US-SWMM5 is one of the most powerful hydraulic modelling software packages and it is widely used globally to analyze the response of sewer systems to hydrological events. Different software features such as the ability to incorporate or analyze sub-catchment flow hydrographs, snow melt flows, LID controls, unsteady flow of closed conduit and open channel for both prismatic and non-prismatic cross sectional areas, real time control logic (RTC), and range of control hydraulic structures, etc., allow the SWMM5 software users to simulate very complex sewer systems. Moreover it has previously been shown that the Dynamic Wave Routine of SWMM5 can accurately incorporate and simulate transient flow in both open channel and closed conduit systems provided the channel or conduit is adequately discretized (i.e., broken down to an adequate number of short segments).
The only real limitation of the Dynamic Wave Routine is that it cannot account for the elastic feature of the flow or for a waterhammer effects in pressurized systems. This is often not an issue because mass oscillation generally dominates the flow regime in sewer systems and the elastic feature of the flow is not important. This is because the significant volume of storage and space in these types of systems prevents the liquid from being compressed or stretched in the conduit. This in turn generally eliminates the potential for waterhammer pressures. On the other hand, there are some cases in which the elastic feature of the flow is of great importance and the potential for significant waterhammer pressures is inevitable. An example of this is a scenario with two filling bores that move in opposite direction within a conduit, and the subsequent collision that may result in severe waterhammer pressures.
In order to overcome the aforementioned limitation, a few customized software packages have previously been developed by different individuals and/or organizations. Most of these software packages can accurately capture the waterhammer pressures, however due to numeral instability issues some of them are not able to account for acoustic wave velocity beyond 400 m/s; a limitation that ultimately compromises the analysis results for systems where this value is higher and/or dominant.
In general, there is little question about the superiority of these recently developed and customized software packages over the SWMM5 when it comes to accurately capturing waterhammer pressures. However, SWMM5 still stands out amongst the crowd because its many other power modeling features that are generally not available in the other software packages. For example, SWMM5 can incorporate any shape of conduit whereas most of the other software options can only account for circular and rectangular cross sections. Furthermore, SWMM5 allows the use of numerical larger time steps, which in turn significantly reduces the computational time.

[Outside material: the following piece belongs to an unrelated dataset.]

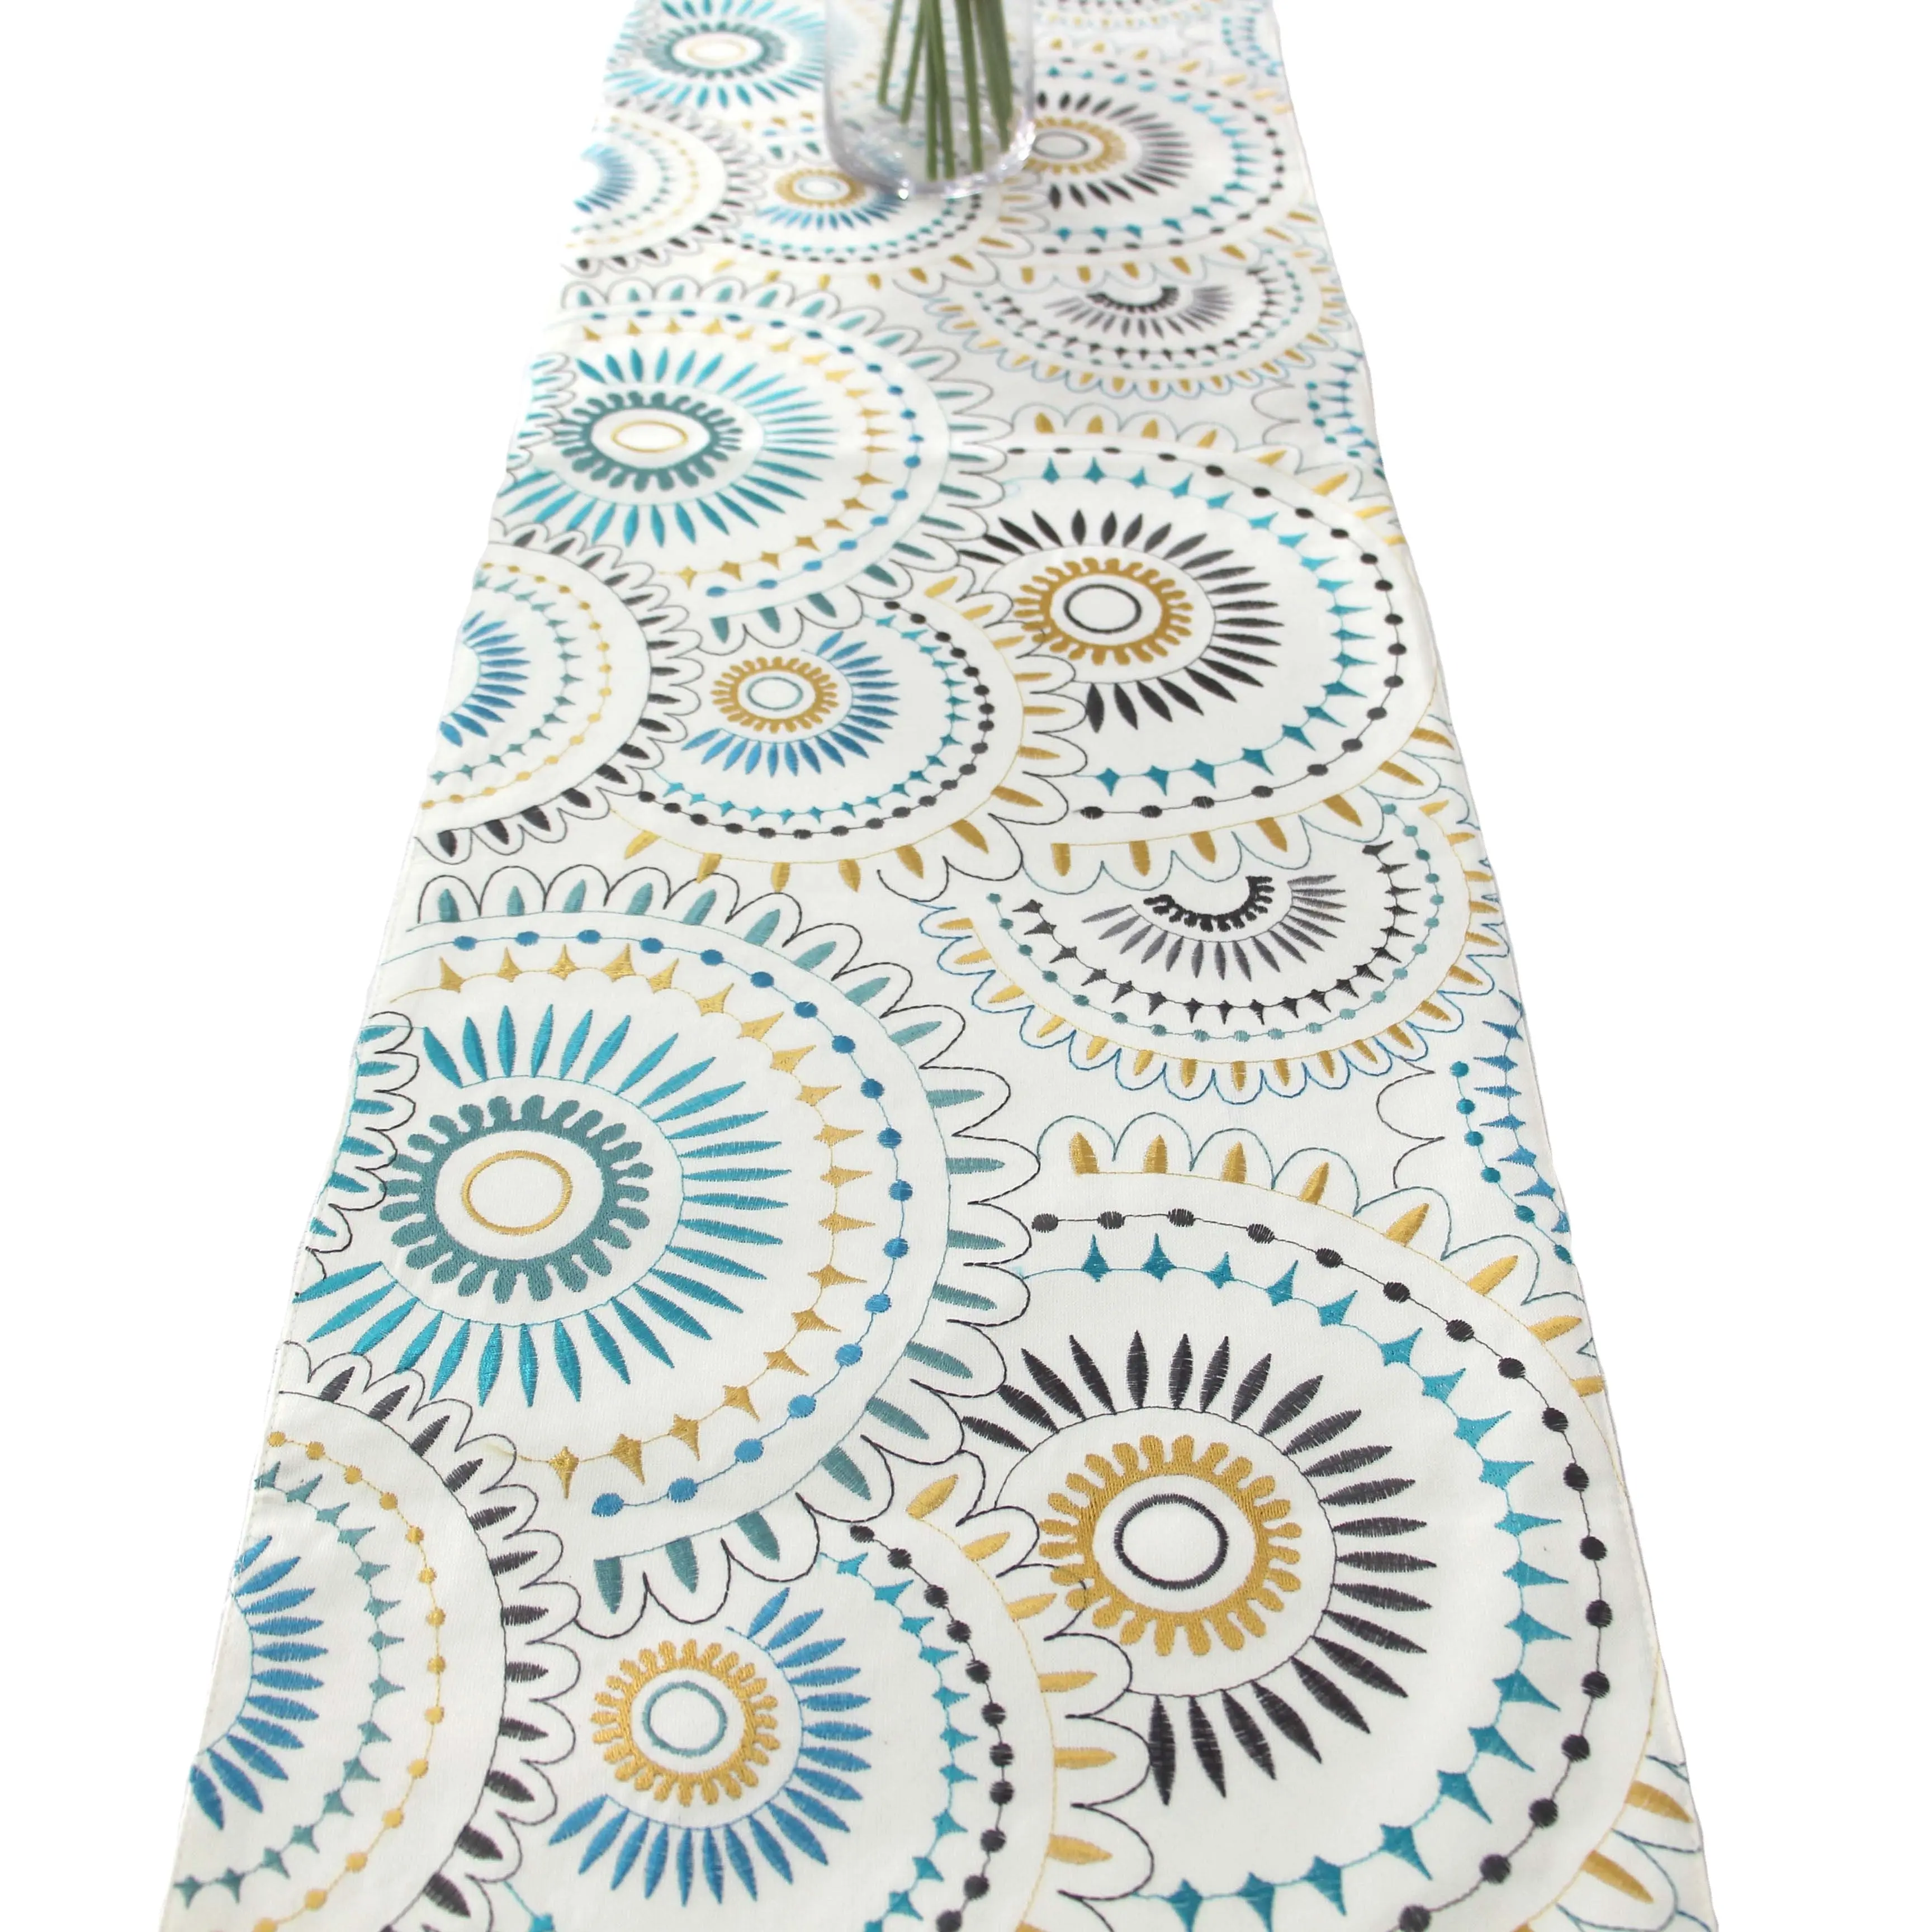 Hinese Factory makes-camino de mesa de algodón puro con nuevo patrón bordado, lujoso ambiente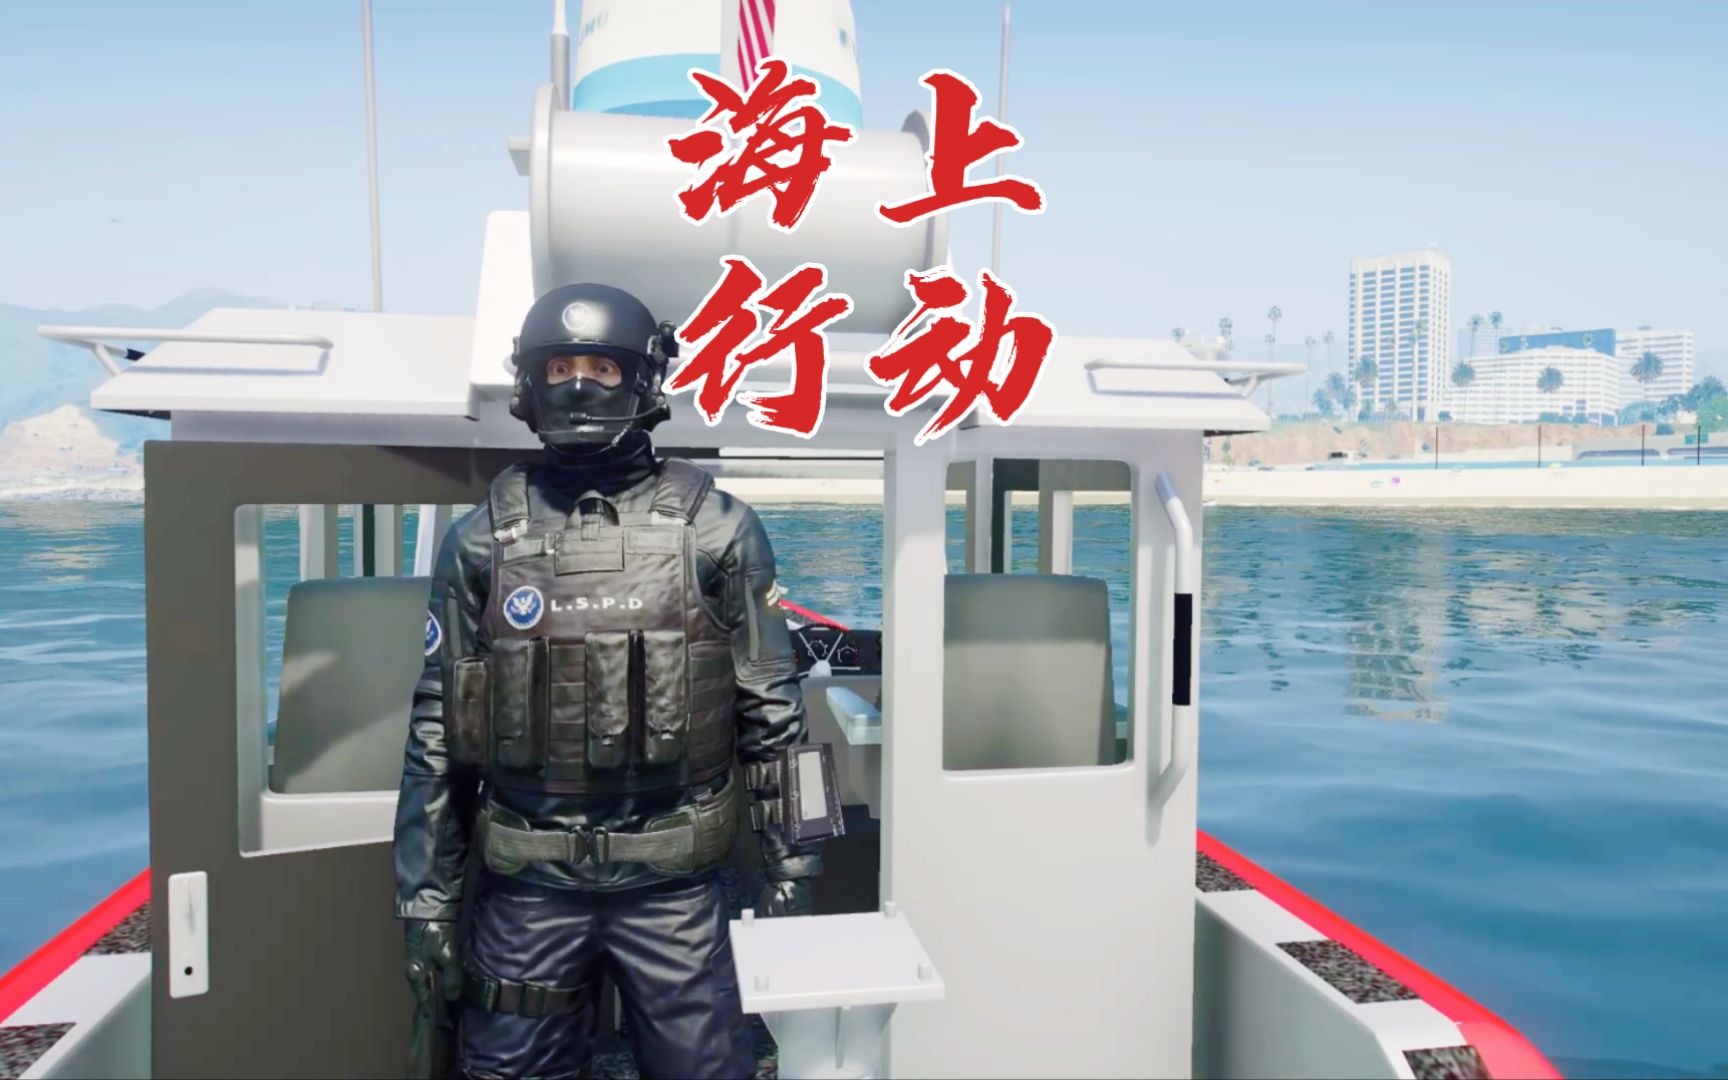 日常警察模拟器 海上巡逻任务 发现一个豪华游艇

The basic motivation behind this paper is the fact that mass oscillation flows dominate sewer systems hydraulics and that SWMM5 can accurately and holistically handle this type of flow in a significantly shorter computational time. The proposed approach for expanding on this capability is the simple idea of allowing SWMM5 to handle all components of the system except for any conduits in which waterhammer effects are expected or for those conduits that are deemed to be critical or of high interest. With that, a new computational engine has been developed and embedded in the SWMM5 code in order to calculate the flow hydraulics in selected conduits by the aid of the well-known Preissmann Slot Method. The new/modified engine includes a novel numerical method previously proposed by the authors of this paper and one that is based on a first order Godunov numerical scheme.
In this approach the numerical fluxes are calculated in such a way that adequate numerical viscosity is automatically added to the scheme when the pressurization of the conduit is imminent. The additional numerical viscosity removes the spurious numerical oscillation relevant to the Preissmann Slot Method and provides a non-oscillatory solution even for an acoustic wave velocity of more than 1000 m/s. Since the time step satisfying the numerical instability of the proposed numerical approach is significantly smaller than that used by SWMM5, a local time step approach is also employed in order to not impose such a small time step on the SWMM5 part of the solution. For every single time step for which SWMM5 updates the hydraulics for most of the system, the additional numerical engine calculates the hydraulic transient response for a number of local time steps in the selected conduits.
The initial results from the modified and customized SWMM5 model are shown to be in very good agreement with both experimental and analytical data. This paper presents a few example case studies and ultimately shows that with the powerful features of SWMM5, the proposed model enables the accurate and efficient calculation of transient flow in sewer systems for an acoustic wave velocity of more than 1000 m/s.